Montreal, QC, August 2010
About this photo: We're sharing sepia-toned pictures as part of this week's Thematic. Go here to share yours, or here to learn how the whole thing works. Or just read on if you're in the mood to be amused.You don't see public lockers too often these days. Security concerns - thanks, Osama - have prompted places like airports and shopping malls to pull them out. Which means we're rapidly running out of places to store the burgeoning piles of stuff we inevitably accumulate when we're out and about.
Bowling alleys are, somewhat interestingly, exempt from this trend. I'm thinking the average cave-dwelling terrorist doesn't curse the Brunswick name at least once every waking moment, and hasn't identified these temples of childhood and post-retiree recreation as worthwhile targets of misplaced, hatred-driven opportunity.
Which is just as well, because places like this are interesting throwbacks to a simpler time*, and I'd hate to think of a world without strikes, spares, gutter balls and really cheesy-looking shirts. It strangely brings me comfort to know bowling alleys continue to survive and thrive.
Your turn: It's easy to dismiss bowling as a ridiculously stupid pastime. Throw a ball down a lane; knock down some pins; repeat. But I suspect there's more to it than that. What's its appeal, then?
One more thing: Why 42? I didn't even realize its significance until I composed the shot. Once I did, I had a good laugh. Which made total strangers look up and furrow their brows in my general direction. I hope fans of the late Douglas Adams enjoy the numeric reference.

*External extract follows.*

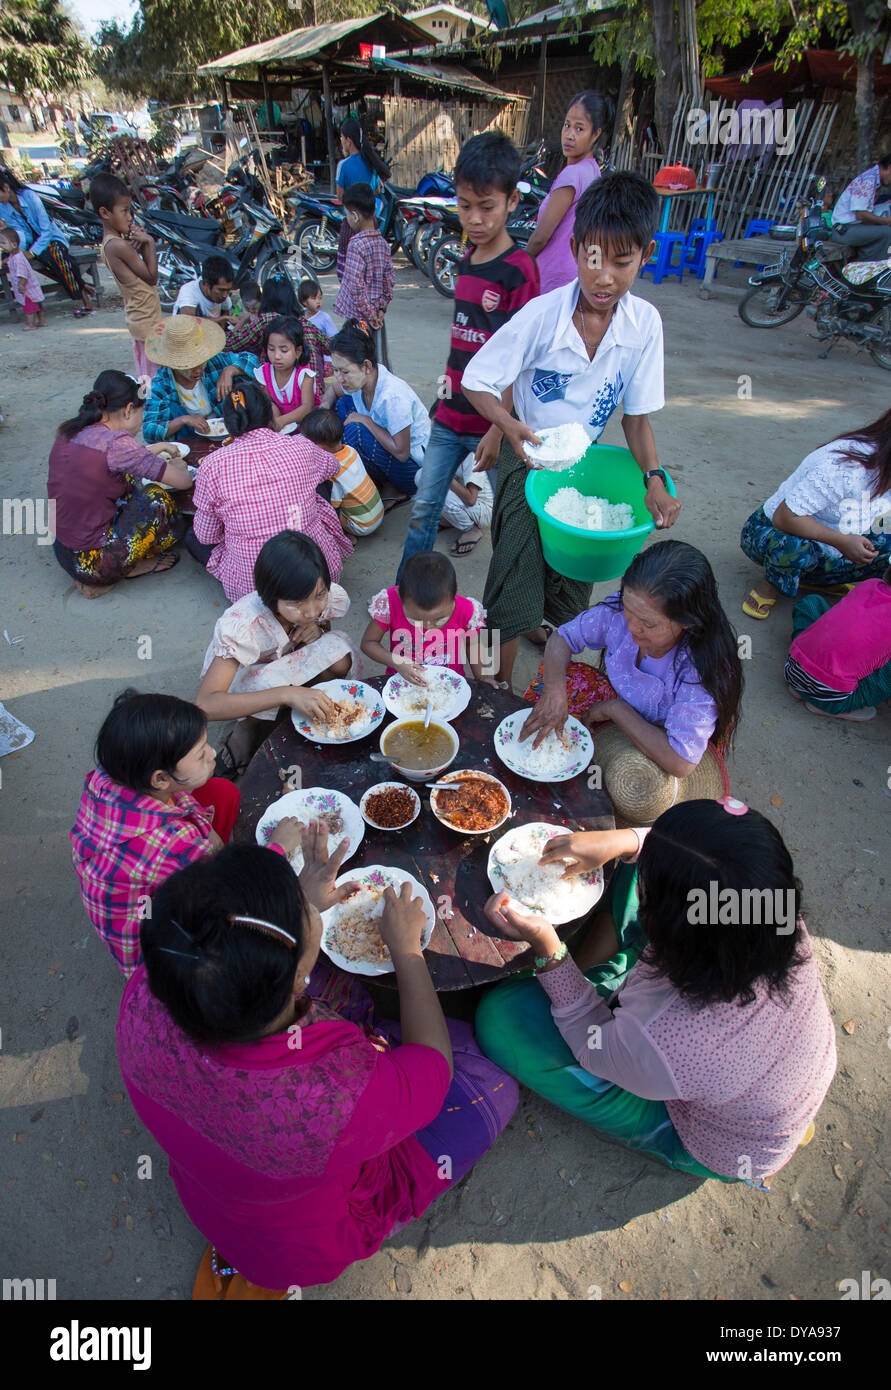 Mandalay Myanmar Burma Asien Sagaing Feier bunte Kultur Gerichte verteilen Familie Essen Fiesta Essen kostenlos Homosexuell h Stockfoto

* Disclosure: My mother dragged my very young self to her bowling league at a place in Chomedey known, then as now, as the Recreatheque. To this day, walking into any bowling alley ignites memories of sitting on the creaky, two-toned plastic seats while the ladies clucked around me in between frames. I took this picture, as an adult, as my wife and kids watched my now-retired mother bowl with her league. It was a good day, and definitely a circle of life-type moment.